Paul Noble:Nobspital
1997-98
Graphite on paper
98 x 59 inches

Made as part of Paul Noble’s monumental project ‘Nobson Newtown’, Nobspital, 1999, is a characteristically playful imagination of a bizarre, ultra-modern, and largely unusable hospital, a fixture in his imagined town of Nobson Newtown. As in other works, Noble acts as a pseudo-architect, producing a comically accurate and diagrammatic topography of this largely useless structure.

Unlike other works in the series, Nobspital refrains from explicit crudity as the artist focuses his attention on fashioning the building. In its design, the architecture recalls, in some ways, the nightmarish prints of Giovanni Piranesi, an artist fascinated with dense systems of structures containing stairs leading to nowhere, which he created in detail from imagination.
In Context

Carl Jung considered architecture to be a physical manifestation of the human psyche – he spent decades designing his home to represent his own mind. Paul Noble apparently draws on this idea, but instead creates a whole parodical, ideal city to represent his humour, his frustrations with modern living, his melancholy, and his hopes.

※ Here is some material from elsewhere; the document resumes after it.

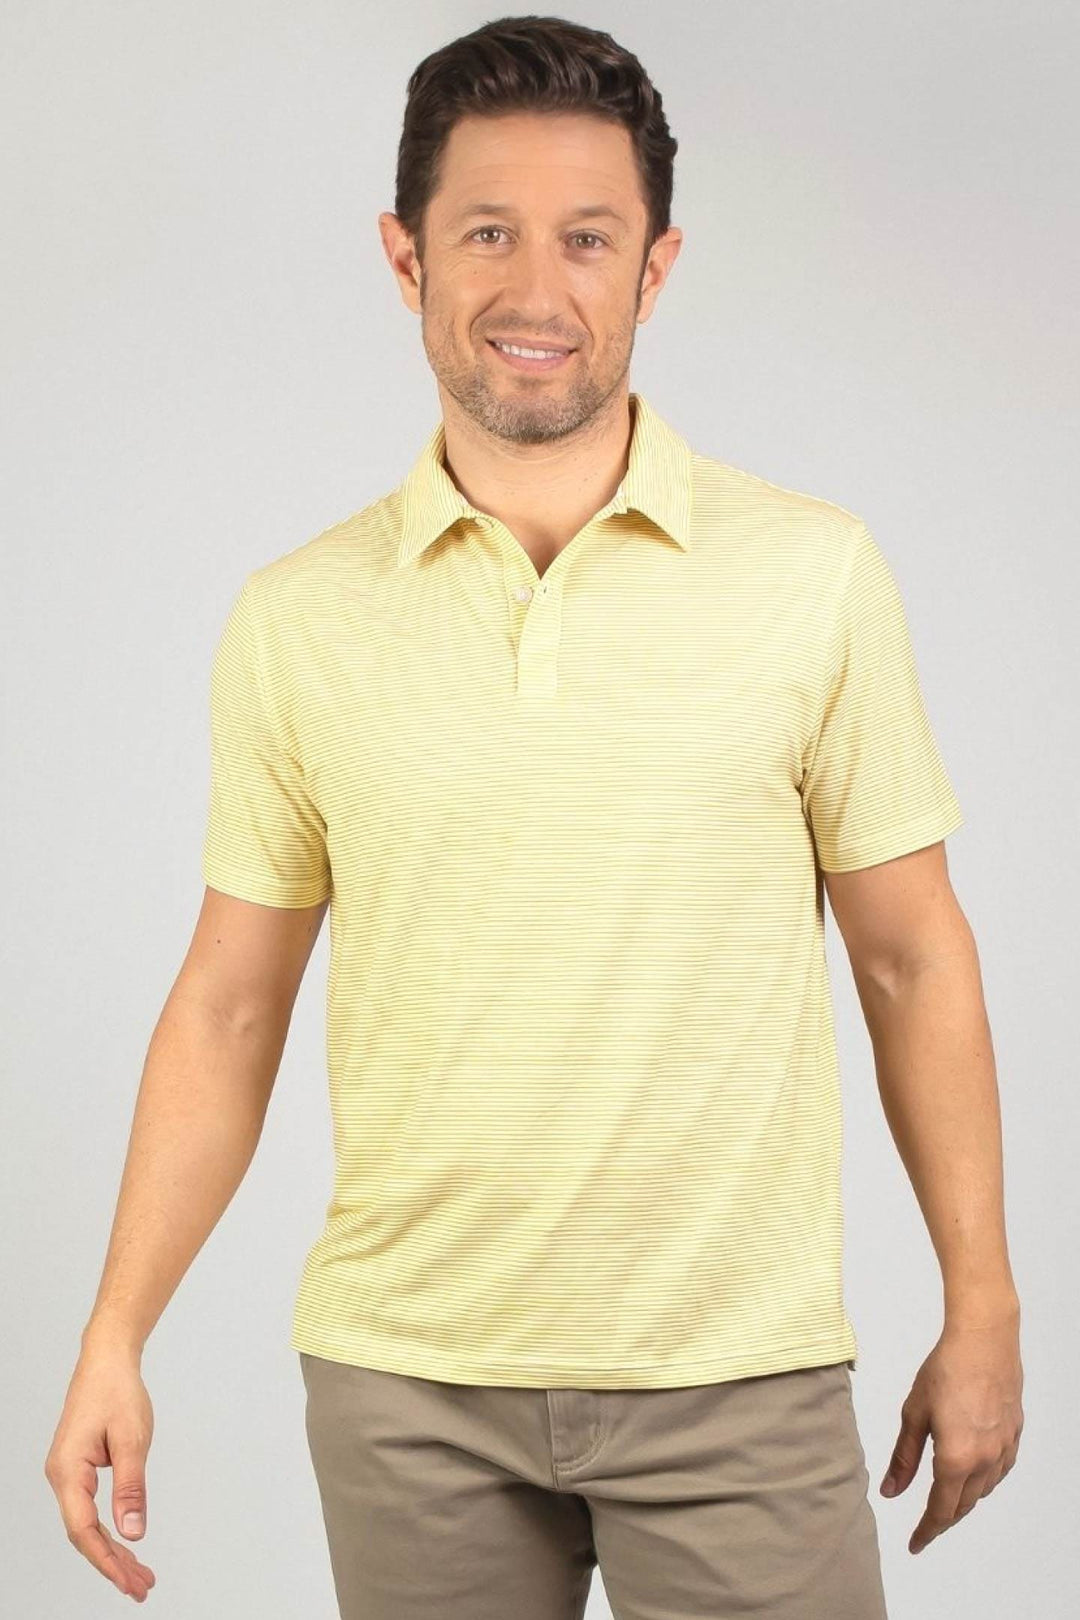 Buy Mustard Stripes Tech Polo for Short Men | Ash & Erie   Tech Polo Shirt

Noble takes inspiration from architects and thinkers who have likewise designed imaginative, ideal, or useless buildings and cities. The artist draws from Claude-Nicolas Ledoux, an eighteenth-century French architect and town planner whose works are considered utopic. ‘Nobson Newtown’ also evokes the work of Tomasso Buzzi, an Italian twentieth-century thinker and architect, who created a folly ideal city that directly represents the surreal. Pictured here is his work La Scarzuola in Umbria, built over a thirty-year period. Much of this folly is, like Noble’s structures, meticulously designed, but useless.

Despite his reputation as a maverick, Noble has received wide international acclaim. The many products of Nobson Newtown have been exhibited globally at renowned museums, such as the Museum of Modern Art, New York. Pictured above is Nobspital alongside ‘Mall’, 2001, at MoMA’s 2002 group exhibition ‘Drawing Now: Eight Propositions’.
B. United Kingdom1963
Biography
Taking inspiration from scrolls, artifacts, antiquities, and drafts from around the world, Paul Noble (b. 1963) has crafted a career-long drawing project, Nobson Newtown, exploring stories, images, and architectures of a fantastical city. Hovering between a wasteland and a utopia, Noble’s gesamtkunstwerk has been crafted between buildings, peoples, dreams, and typography to capture the melancholy of urbanity. A maverick amongst the British art scene, Noble has masterfully synergised a diaspora of references into a humanless city filled with human emotion and shortcomings.
Noble was born in Northumberland and attended Sunderland Polytechnic and Humberside College of Higher Education, graduating in 1986. Shortlisted for the Turner Prize in 2012, his monumental collection of drawings has brought Noble’s works to museums and galleries, including the Museum of Contemporary Art, Los Angeles in 2005, and Tate Britain in 2010.